League staff updated LPC members Oct. 20 on a multi-year effort to define methodology for Transportation Utility Fee (TUF) studies, reporting progress after a recent meeting with one major stakeholder and announcing that legislative research and general counsel were drafting formal language.
Why it matters: Utah cities lack a uniform statutory methodology for TUF studies. A clearer, shared methodology could reduce disputes, standardize appeals and provide greater predictability for developers and property owners. The League described the work as a multi-year effort intended to provide parameters for traffic-based assessments rather than using property-tax proxies.
Details from the update
- Stakeholder engagement: Staff said they recently met with a major stakeholder — identified in the meeting as the Church of Jesus Christ of Latter-day Saints — and refined language to ensure any TUF approach would avoid affecting property-tax-exempt status for religious institutions.
- Proposed methodology: While the existing code does not prescribe study methods, League staff said the proposal would emphasize traffic counts and trip-generation data by reuse/land-use category and include an appeals process similar to other city-code appeal mechanisms.
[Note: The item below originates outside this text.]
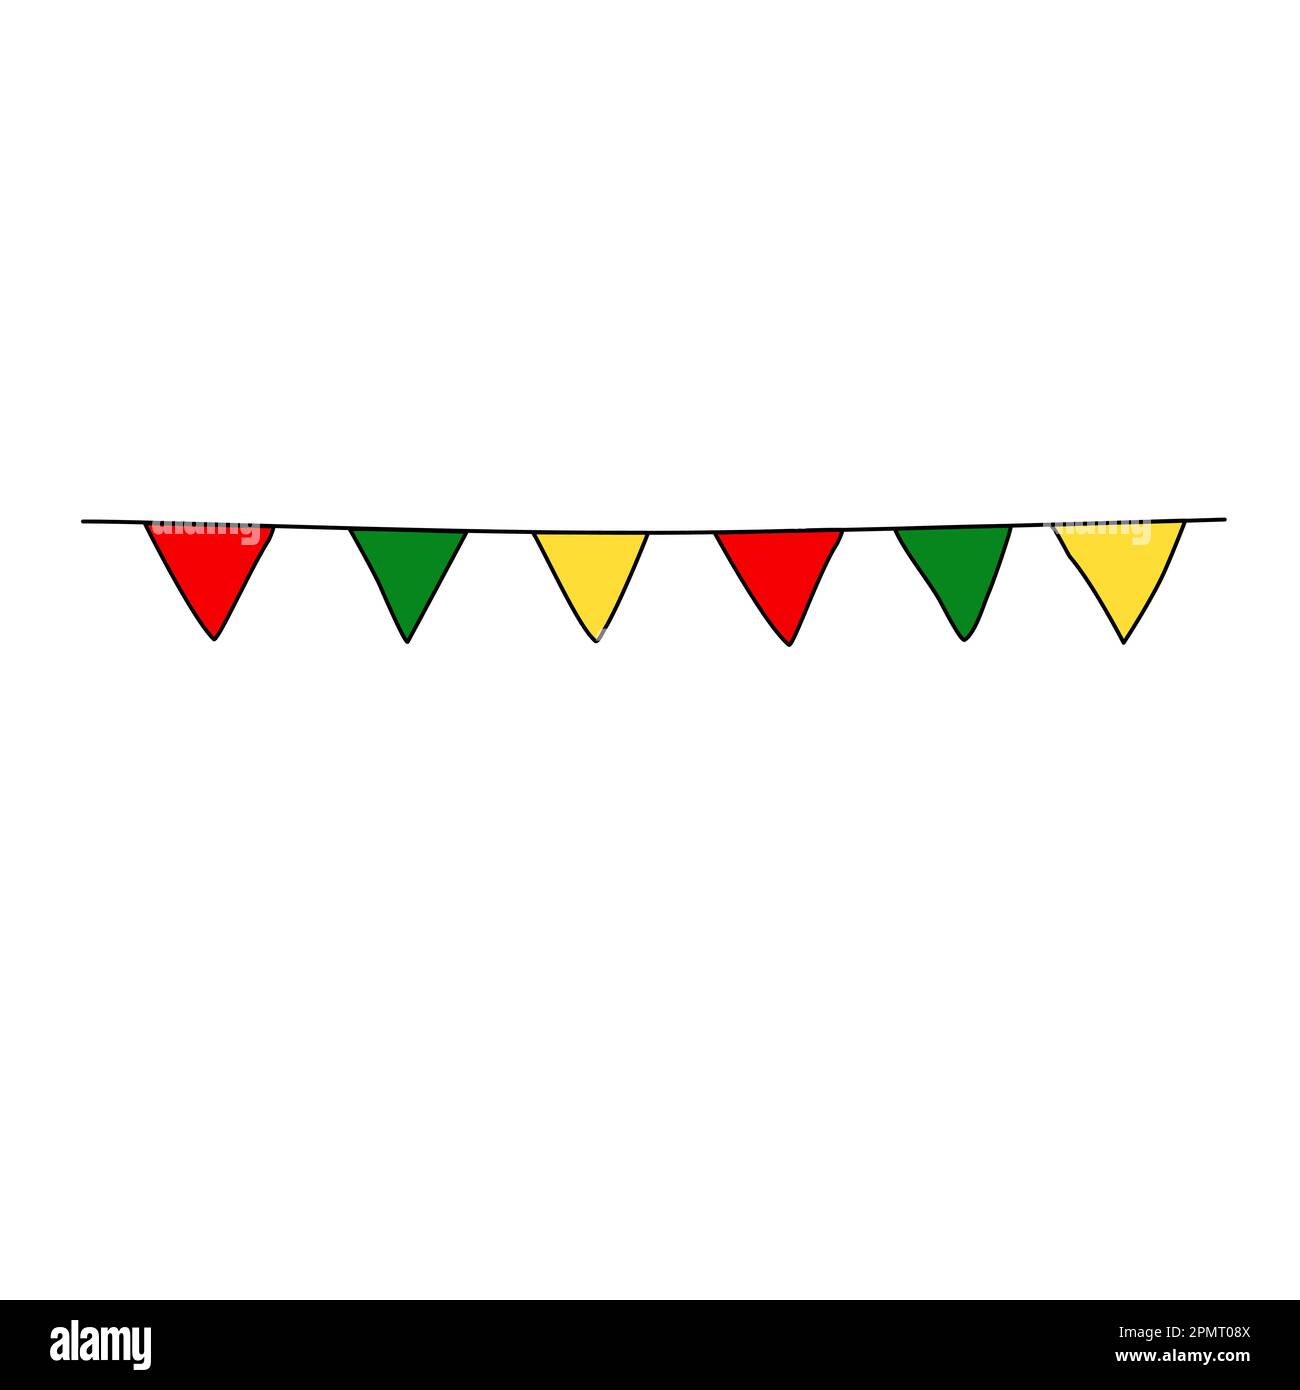 Girlande- oder Wimpelflaggen, rot, grün, gelb, mexikanische Farben, Vektordarstellung im Kritzelstil Stock Vektor
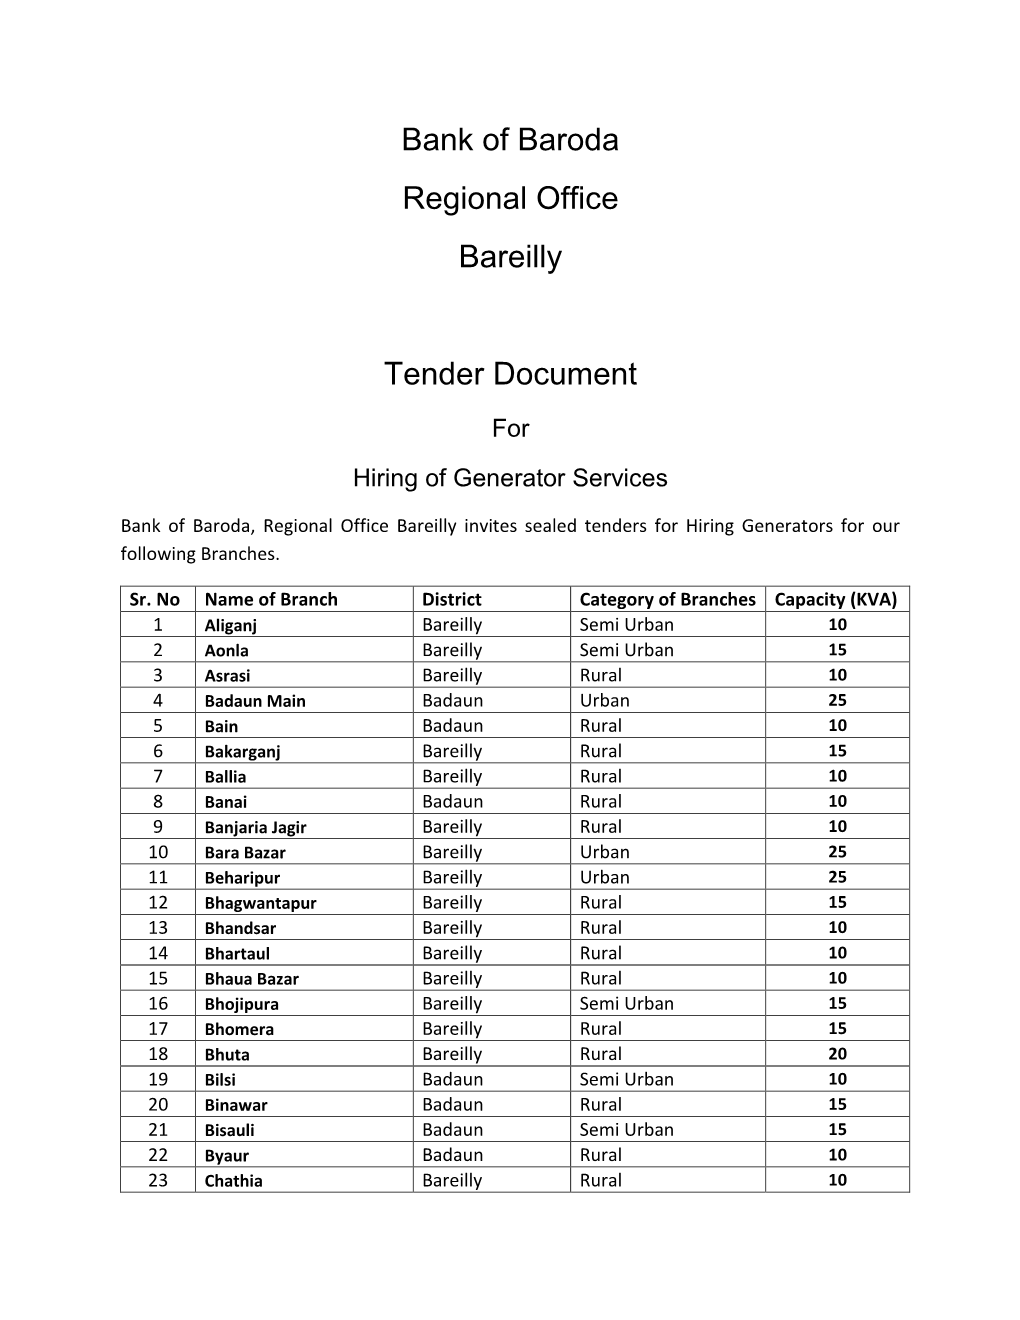 Bank of Baroda Regional Office Bareilly Tender Document

- Next steps: Legislative research and general counsel are drafting model language; staff expect to circulate it to the LPC in the coming weeks for review.
What officials said
Justin (League staff) thanked working-group members for their time and said the effort has been ongoing for roughly two years. "We're seeing some light at the end of the TUF tunnel," he said, noting additional work remains to produce a legal draft.
Ending
Staff will circulate drafted language when available and bring the item back to LPC for review; members were urged to share local experiences with TUF methodologies to inform the appeals and category definitions.